Jacobs is vying for the legislator seat currently held by Marcotte, which represents portions of New Rochelle, Eastchester and Tuckahoe.
Democrats across the county have been endorsed by the Westchester Independence party, lending credence to the belief of some that party chairman Guilo“Doc” Cavallo chose to endorse Democratic candidates because of ongoing bad blood between Cavallo and County Executive Robert Astorino, a Republican.
A primary will be held on Sept. 10 in which Independence Party voters will be able to write in Marcotte’s name as she was able to cultivate enough signatures from registered Independence voters to get a spot on the ballot in a process called “opportunity to ballot.”
Marcotte, who has received the Independence nomination in her previous elections, said Jacobs receiving the endorsement is absolutely a reaction to Cavallo’s strained relationship with Astorino. Marcotte said Cavallo gave Democrats the endorsement across the board except for two who are running unopposed.
“[The Independents] expected a lot of jobs to come their way and it didn’t happen,” Marcotte said.
Marcotte refers to the race for county executive, in which accusations have emerged recently from Astorino’s campaign that Cavallo, who endorsed New Rochelle Mayor Noam Bramson, the Democratic candidate, did so out of spite when Astorino failed to grant county jobs to people in the Independence Party who were close to Cavallo.
Astorino has collected enough petitions to primary for the line, which is considered crucial to the county executive’s re-election bid.
Marcotte said she was surprised by Cavallo’s decision to back Jacobs because he told her during her interview with the party that she would receive the endorsement and had nothing to worry about. The county legislator said that she would have preferred Cavallo tell her the truth about Astorino and the party chair being at odds, leading him to endorse her opponent.
“I’d have far more respect for him; I do know that all of the Republicans are doing the primary,” Marcotte said. “This is going to be a county-wide primary except for who is unopposed.”
If she doesn’t win the primary, Marcotte said the loss of the Independence Party line will adversely affect her campaign. Currently, she is reaching out to residents to try to get them to head down to the polls during the primary to write her name and Astorino’s on the ballot.
The county legislator said she isn’t discouraged by the extra work of contacting voters.
“All part of the process; it doesn’t put me off that much,” Marcotte said.
Jacobs said she thinks that she received the Independence endorsement based on her stance on various issues that she discussed with the party chair during her interview. Jacobs said she has experience working with multi-million dollar budgets and wants all political parties to be heard. During the interview, Cavallo never mentioned Astorino or his relationship with him, she said.
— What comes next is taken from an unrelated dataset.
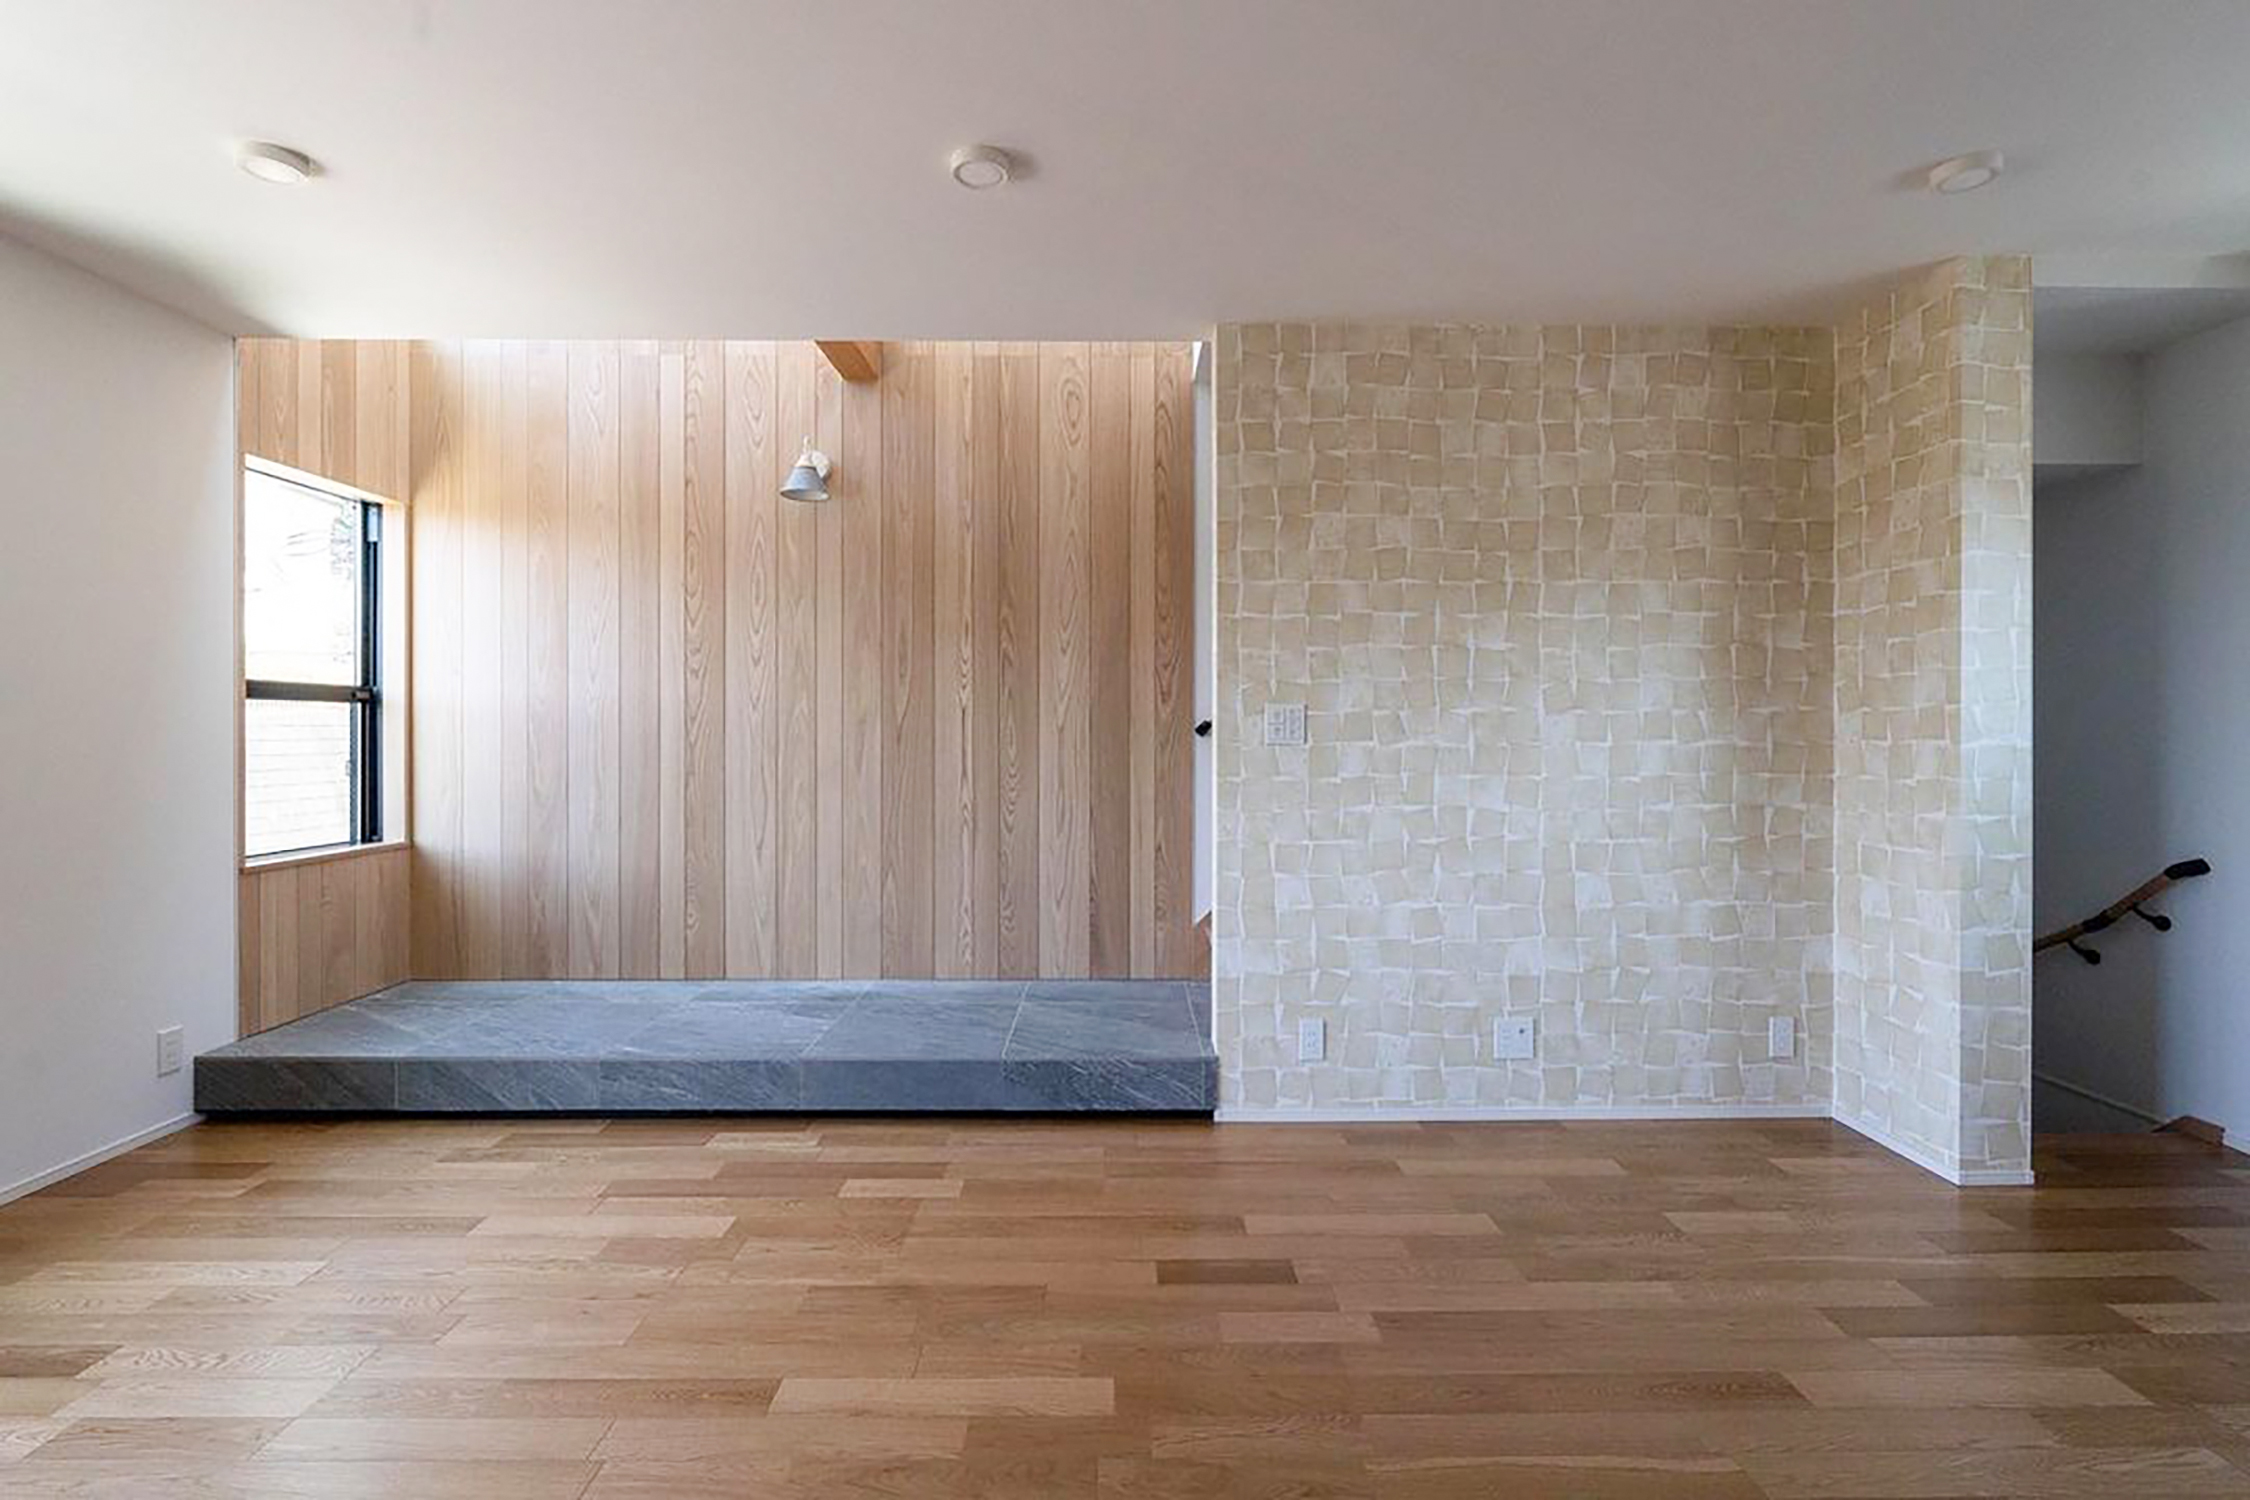 神奈川県横浜市の住宅にて建築家・大西麻貴がデザインした、揺らぎのある四角形の連なりが特徴的なデザインを施工

“I believe you get things done when you work together. I don’t think that’s always happened with the current administration,” Jacobs said. “I was endorsed for who I am and what I stand for, and I’ve got a great deal of support in the community.”
Jacobs said she was happy to receive the endorsement; as she would be from any political party because she has never run for elected office before.
“Every single vote is very important and counts,” Jacobs said.
County legislators are elected to serve two-year terms.